The explicit model comparison with ANOVA is possible because we have specified nested models. Here, the more complex model is significantly better--this is saying the additional transforms are worth it.


# Stepwise variable and transform selection

We can use a special step function to explore tradeoffs of different transforms.  The scope list gives all the possible transforms to consider, and it picks the version or versions of each transform that is the best.

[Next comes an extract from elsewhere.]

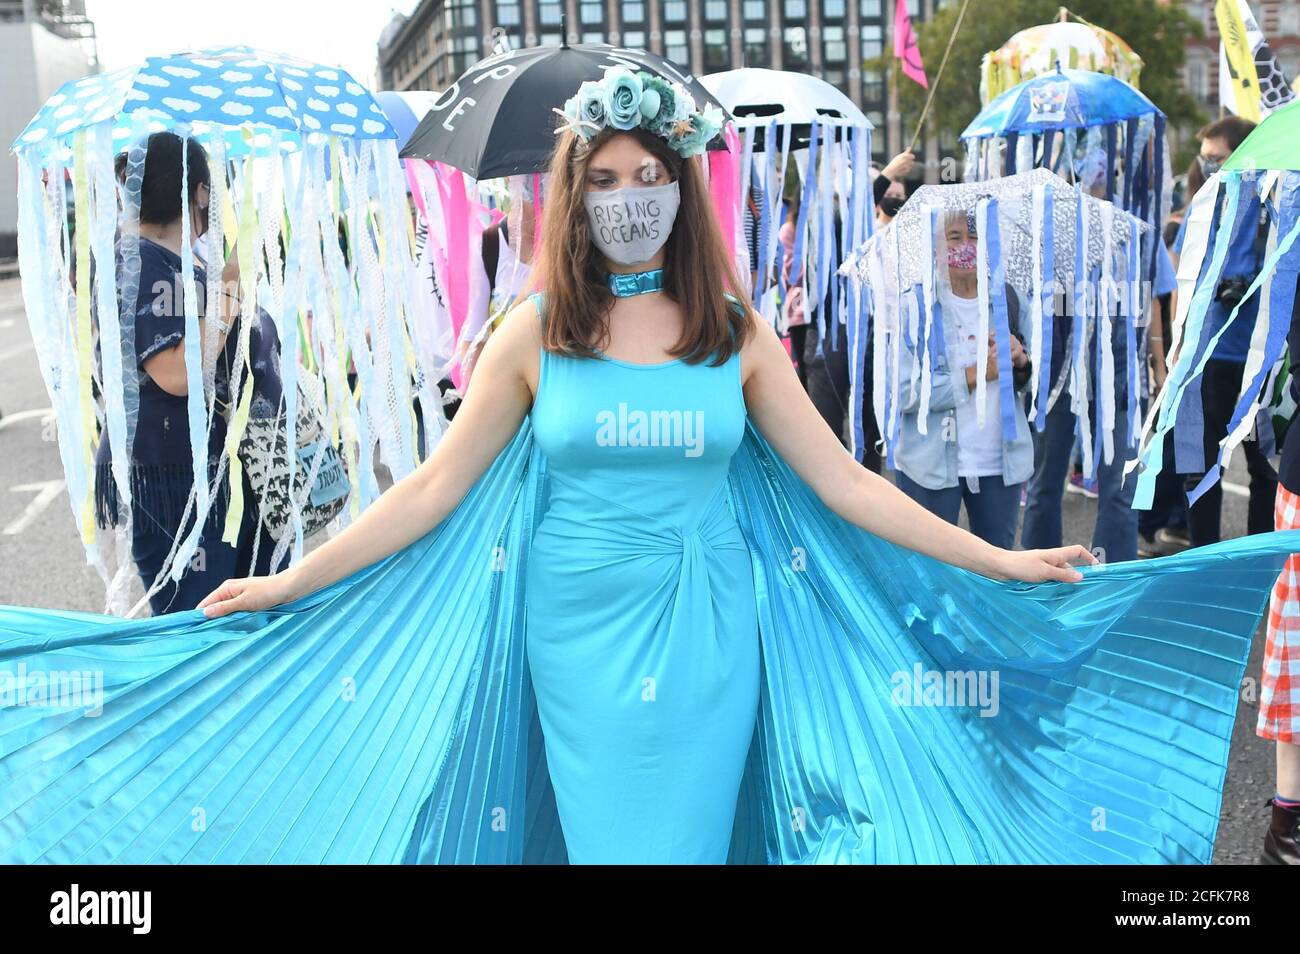 Los manifestantes participan durante una marcha de extinción marina, parte de una protesta por la rebelión de extinción en Westminster, en el centro de Londres. Foto de stock

```{r,fig.width=10,fig.height=8}
step.model <- step.Gam(model3,
                       scope=list("Age"=~1+Age+s(Age,1)+s(Age,2)+s(Age,3) + log(Age),
                                  "Phone.as.status.object"=~1+s(Phone.as.status.object) 
                                                            +s(Phone.as.status.object,3)+log(Phone.as.status.object),
                                  "Social.Economic.Status"=~1+s(Social.Economic.Status,3)),
                       direction="both",
                       trace=T
                       )
print(step.model)
summary(step.model)

par(mfrow=c(2,2))
plot(step.model,se=TRUE)
confusion(predict(step.model)>0,iphone$Smartphone)

```

Notice the ANOVA separates out the parametric and non-parametric predictors because they need to be tested differently.  Overall, the prediction accuracy doesn't change much by including these higher-order transforms, but it tells us something about the relationship that may be informative. If we find non-linearities, it can reveal important things about the causal relationship that we would never see if we  just assumed all relationships are linear.